=== YOUR INSTRUCTIONS ===
Pictures in the material below are to be left out, and only the lines from the line with "A water bottle" up to and including the line with "Wesco Pushboy Single" are to be written out exactly.

=== MATERIAL TO PROCESS ===
----

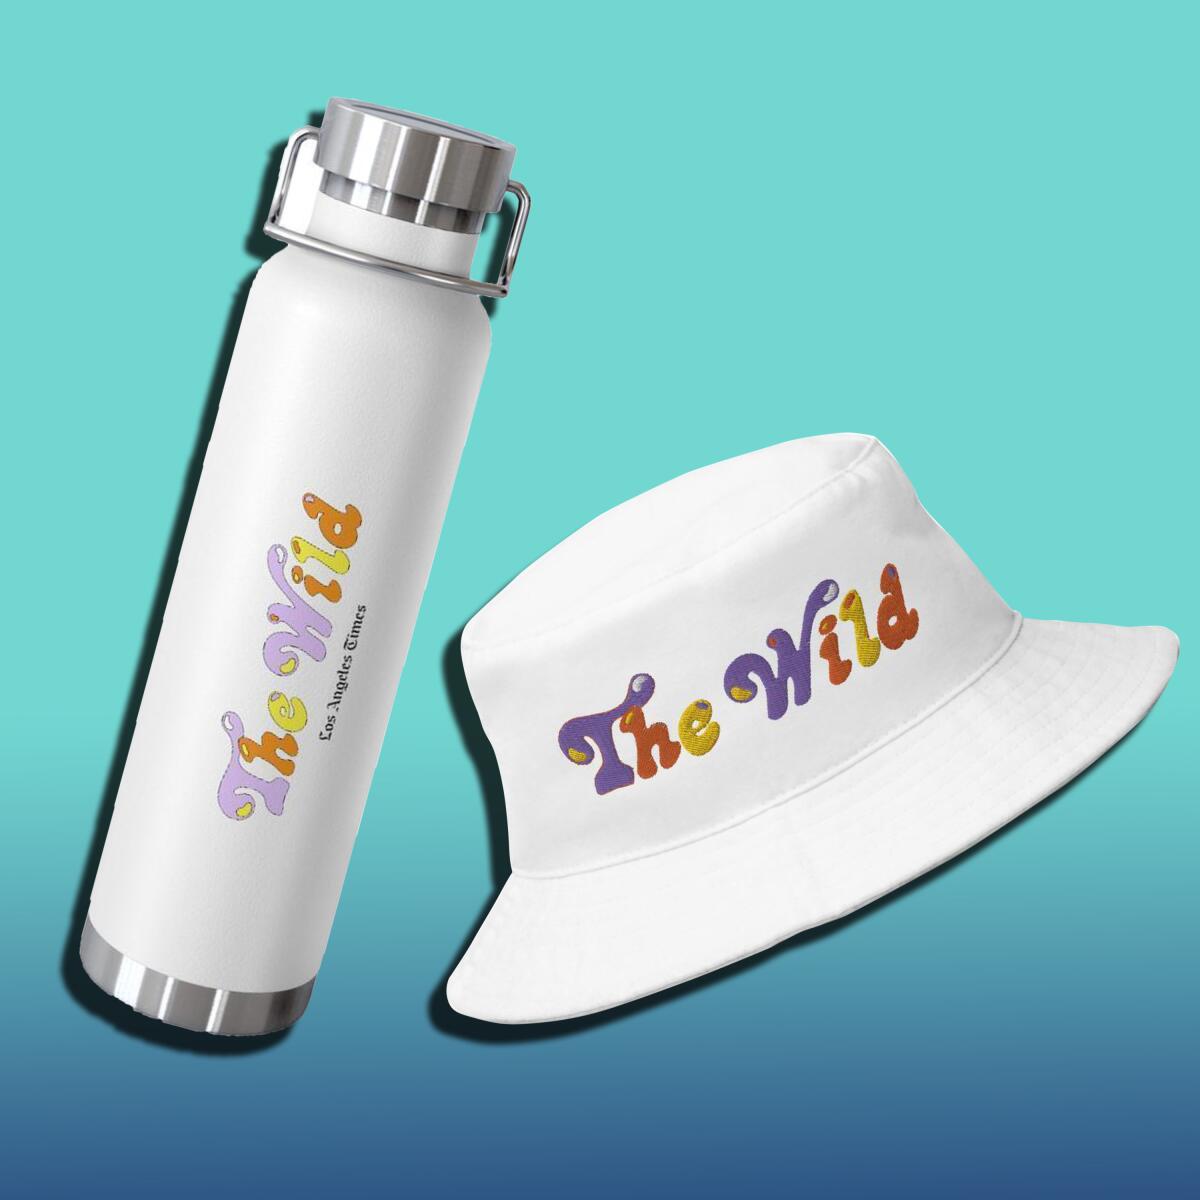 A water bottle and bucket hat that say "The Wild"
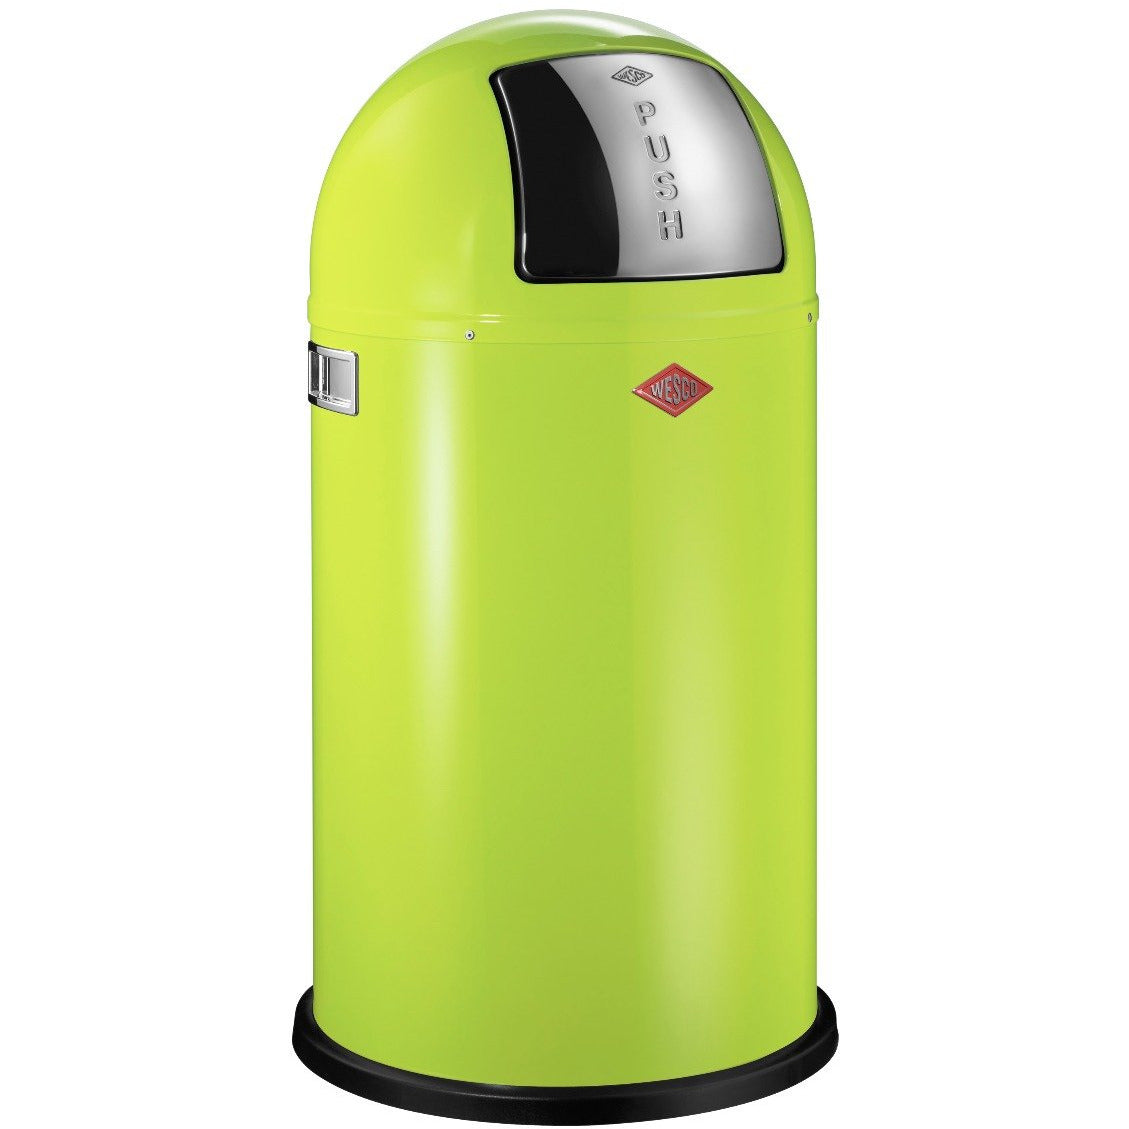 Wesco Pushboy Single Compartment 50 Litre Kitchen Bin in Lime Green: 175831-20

----

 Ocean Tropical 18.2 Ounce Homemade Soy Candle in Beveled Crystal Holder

----

=== EXPECTED ANSWER ===
 A water bottle and bucket hat that say "The Wild"
 Wesco Pushboy Single Compartment 50 Litre Kitchen Bin in Lime Green: 175831-20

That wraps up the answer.